Fundamental Analysis

Gold Prices Scale New Peaks Amid Geopolitical Tensions

  • As the war in Gaza continues, investors seek refuge in the yellow metal.
  • Central bank buying has contributed to an increase in demand.
  • The likelihood of a Fed cut in June increased from 52% when the week began to 58%.

Gold prices hit record highs on Tuesday as demand for the haven metal increased amid geopolitical tensions. At the same time, investors bought more gold as bets for a Fed rate cut in June increased ahead of US inflation figures.

As the war in Gaza continues, investors seek refuge in the yellow metal. Interested parties have failed to agree to a ceasefire, meaning the war could escalate. Historically, gold has been considered a hedge during times of geopolitical uncertainty.

Central bank gold purchases (IMF IRS, World Gold Council)

Central bank gold purchases (IMF IRS, World Gold Council)

At the same time, demand for gold has increased with increased purchases of jewelry and gold coins. Moreover, central bank buying has contributed to an increase in demand. Experts have highlighted increased buying in China. Chinese investors are turning to gold at a time of economic uncertainty. The housing and equities markets are performing poorly, leaving investors with little choice for investment.

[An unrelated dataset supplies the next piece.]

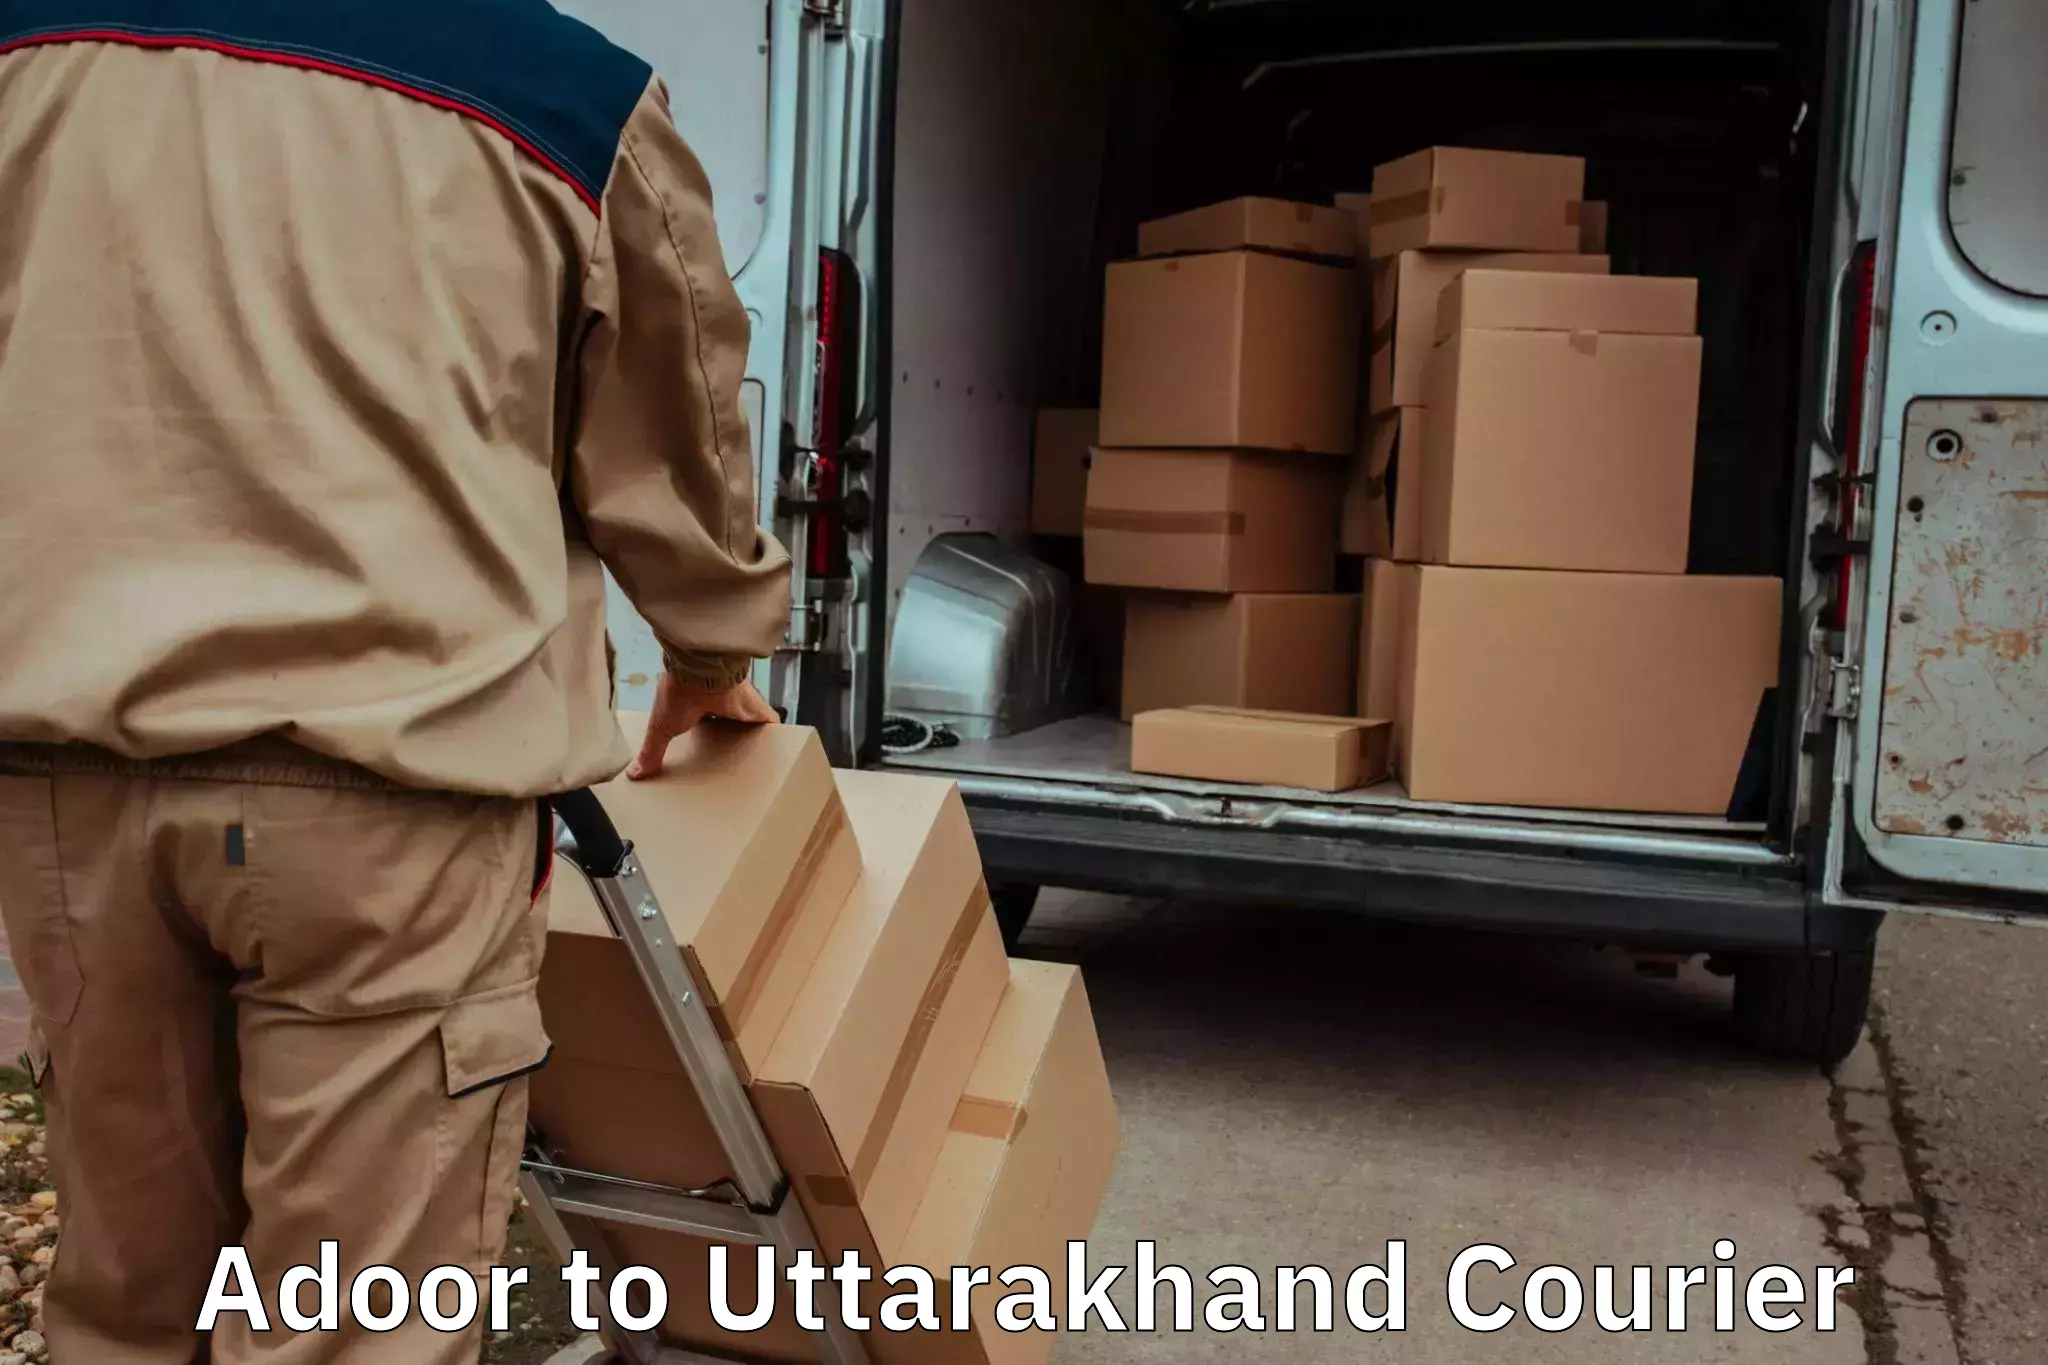 Furniture transport professionals Adoor to IIT Roorkee

However, higher interest rates in the US and other parts of the world have kept a lid on prices. As central banks fight to lower inflation, gold loses its appeal compared to yielding assets. Still, inflation around the globe has fallen from peaks seen in 2022. This has revived hope that interest rates will soon come down, allowing gold to recover its shine. 

Notably, the Swiss National Bank was the first major central bank to lower interest rates. This has given traders hope that the global rate-cutting cycle will soon begin. However, the outlook for US rate cuts has been shaky, as incoming data paints a mixed picture. Investors are still uncertain whether the central bank will cut rates in June. 

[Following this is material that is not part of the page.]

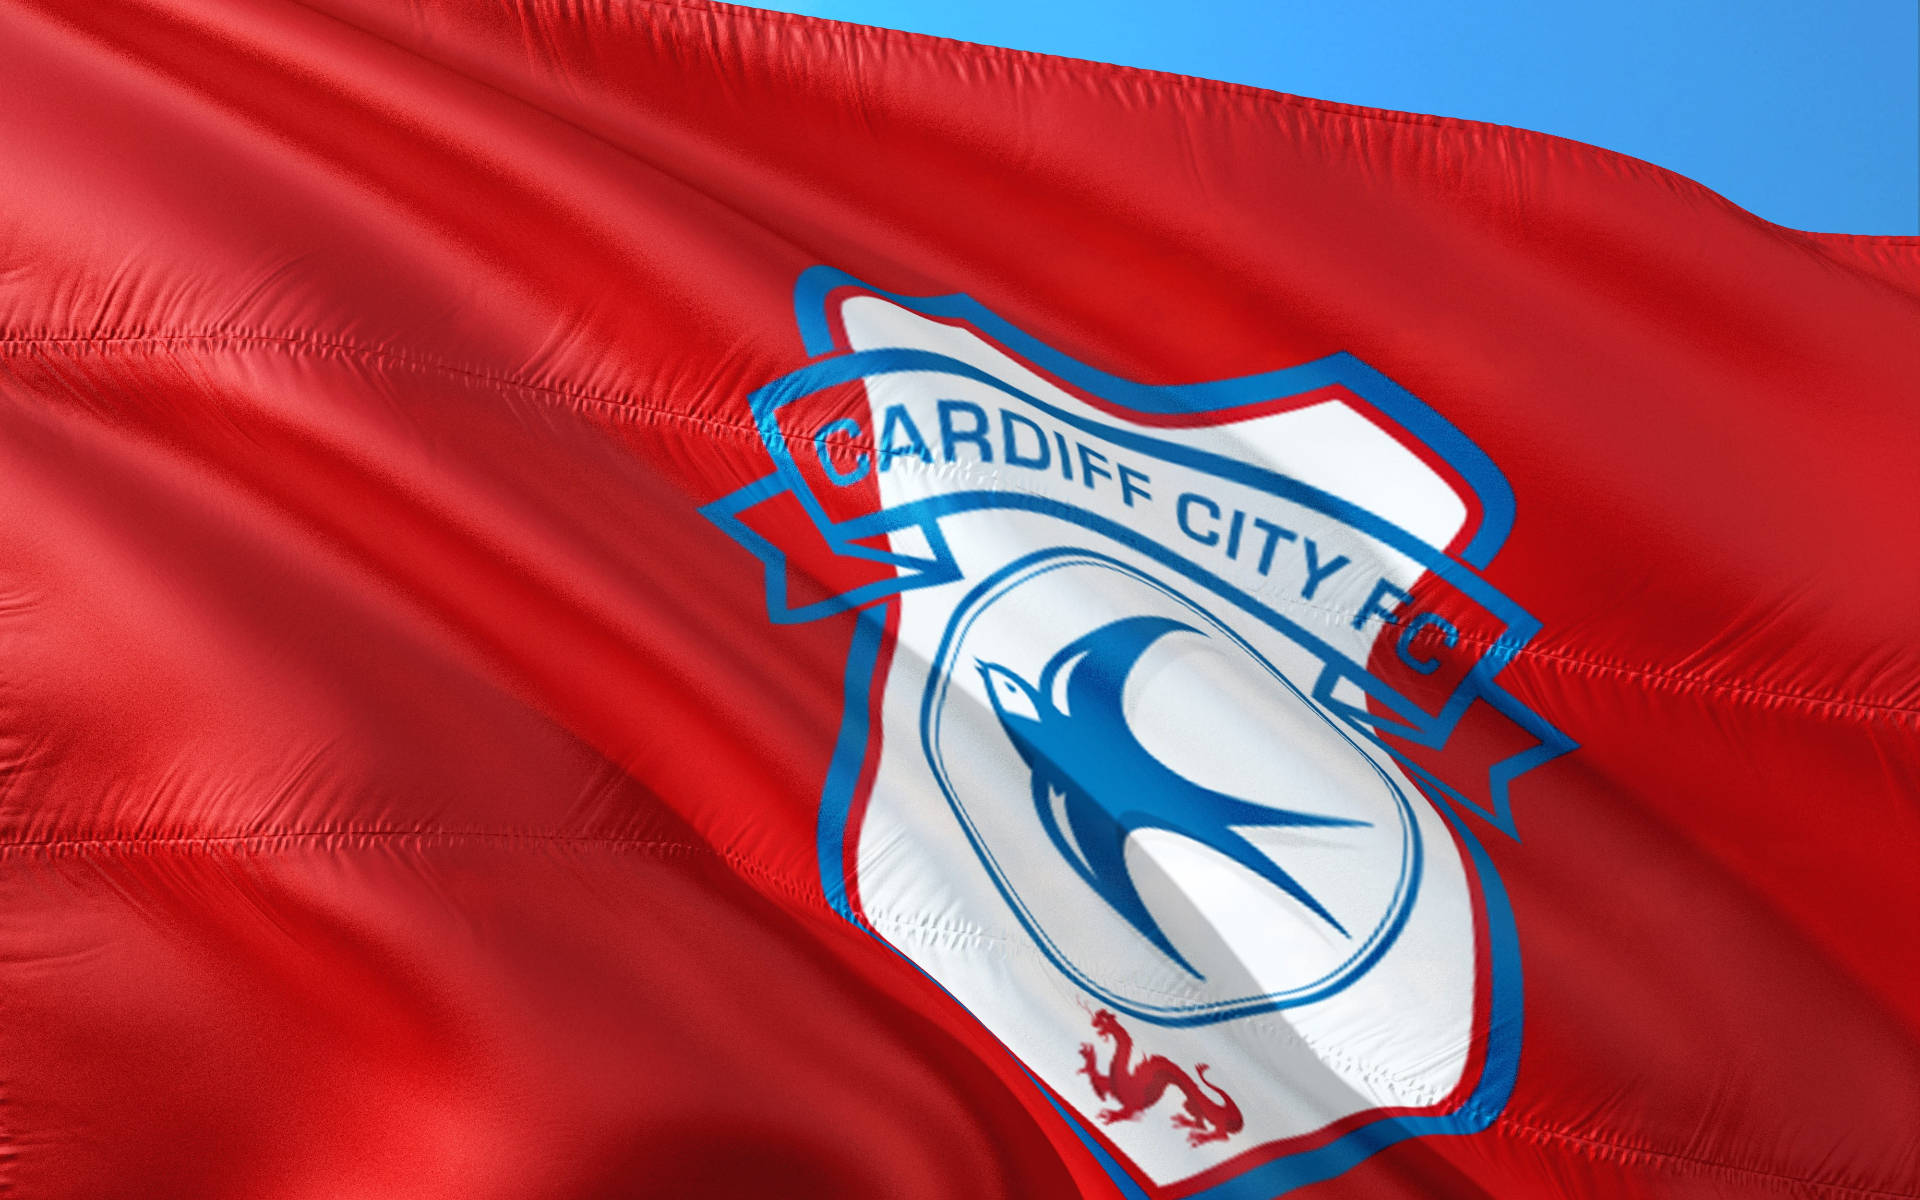 Premier League Cardiff City Flag Background

Last week’s jobs report revealed a robust economy that led to declining rate cut expectations. However, as the US inflation report nears, the likelihood of a Fed cut in June has increased from 52% when the week began to 58%. This indicates a view that inflation will decline, prompting the Fed to start its rate-cut cycle in June.

However, if the report reveals a jump in inflation, it could lead to a decline in gold prices. Nonetheless, as long as the general trend remains down, gold traders will keep waiting for the start of rate cuts, even if bets point to the first cut in July.